But anyways, to the question, you just don’t seem to grasp that collections of ideas can communicate copyright infringing material without being infringing on their own. It’s like arguing that if Paint or Photoshop knows about the color red that this is copyright infringing because it’s the same red that Mario uses. None of the ideas that make up Mario are infringing, and cannot be copyrighted. They are what the AI is designed to extract, not Mario as a totality.
You can definitely use AI to make an infringement machine by making it less likely to make leaps in ideas and just only combine the ideas it’s been taught on, which we as humans can do as well in the form of plagiarism and forgery. But if you’re going to be unethical why use an AI when you might as well just take the easy route directly with print screen or a photo. Two other technologies we didn’t ban for having this ability to capture copyrighted material, even if they far more blatantly copy the material.
This is where good AI usage deviates, because it instead tries to MAXIMIZE the amount of leaps and connections the AI makes for as little possibility to make something infringing. Even honest people trying to make new creative works sometimes have to change things because they might be too close to being infringing.
There are law offices that exist specifically to fuck with people over patent and copyright law.
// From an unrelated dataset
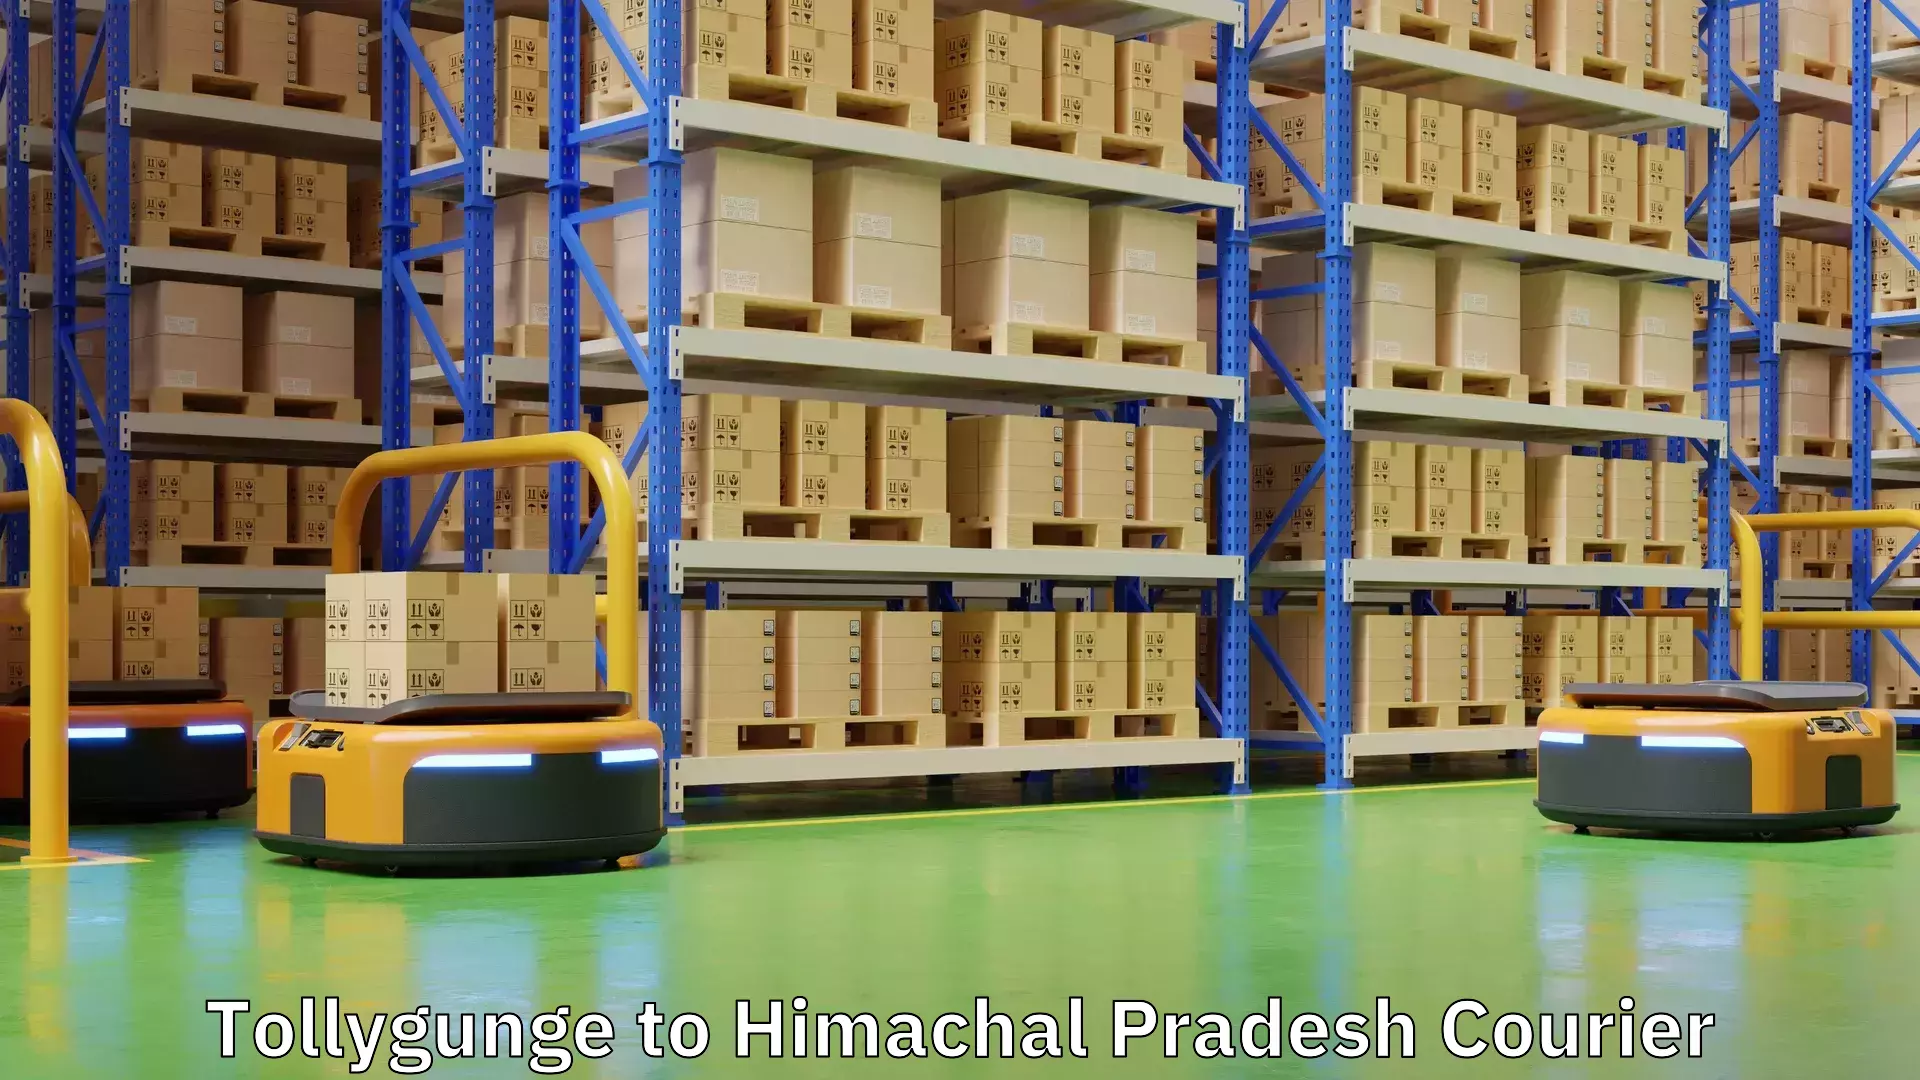 Parcel delivery automation in Tollygunge to Himachal Pradesh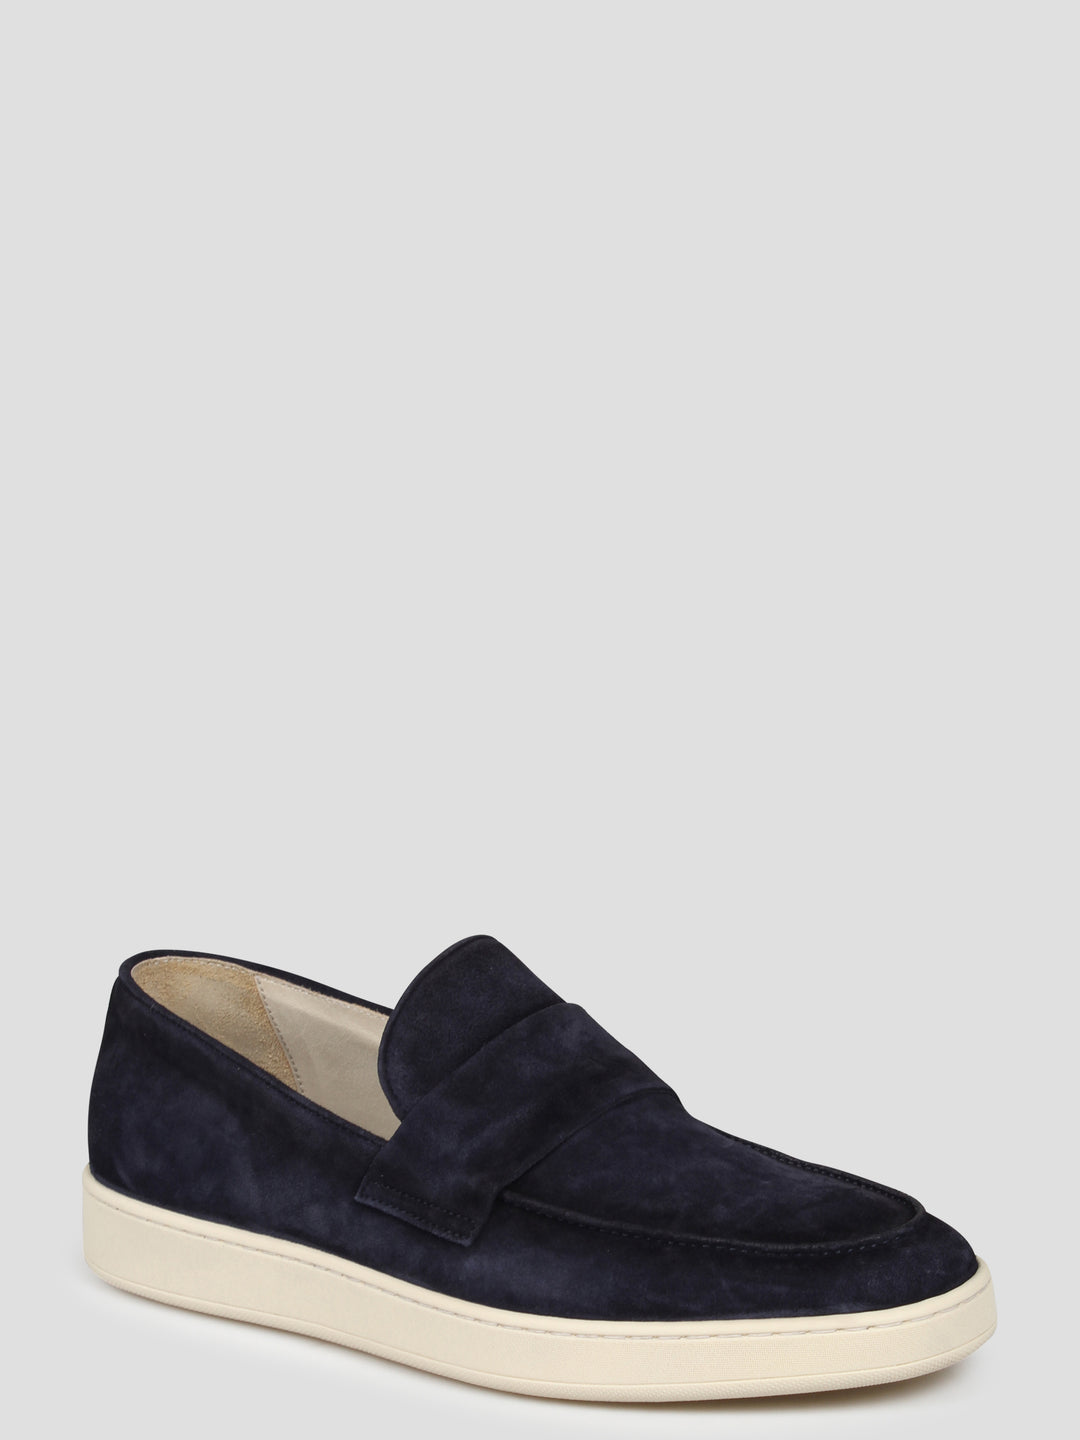 Boat penny loafers

There’s also cases where people use copyright and patent law to hold us back. I can’t find the article but some religious jerk patented connecting a sex toy to a computer via USB. Thankfully someone got around this law with bluetooth and cell phones. Otherwise I imagine the camgirl and LDR market for toys would’ve been hit with products 10 years sooner.
Although I’m a firm believer that most AI models should be public domain or open source by default, the premise of “illegally trained LLMs” is flawed. Because there really is no assurance that LLMs currently in use are illegally trained to begin with. These things are still being argued in court, but the AI companies have a pretty good defense in the fact analyzing publicly viewable information is a pretty deep rooted freedom that provides a lot of positives to the world.
The idea of… well, ideas, being copyrightable, should shake the boots of anyone in this discussion. Especially since when the laws on the book around these kinds of things become active topic of change, they rarely shift in the direction of more freedom for the exact people we want to give it to. See: Copyright and Disney.
The underlying technology simply has more than enough good uses that banning it would simply cause it to flourish elsewhere that does not ban it, which means as usual that everyone but the multinational companies lose out. The same would happen with more strict copyright, as only the big companies have the means to build their own models with their own data. The general public is set up for a lose-lose to these companies as it currently stands. By requiring the models to be made available to the public do we ensure that the playing field doesn’t tip further into their favor to the point AI technology only exists to benefit them.
If the model is built on the corpus of humanity, then humanity should benefit.
As per torrentfreak
Should be easy to defend against, right-out trivial: OpenAI, just tell us what those Books1 and Books2 databases are. Where you got them from, the licensing contracts with publishers that you signed to give you access to such a gigantic library. No need to divulge details, just give us information that makes it believable that you licensed them.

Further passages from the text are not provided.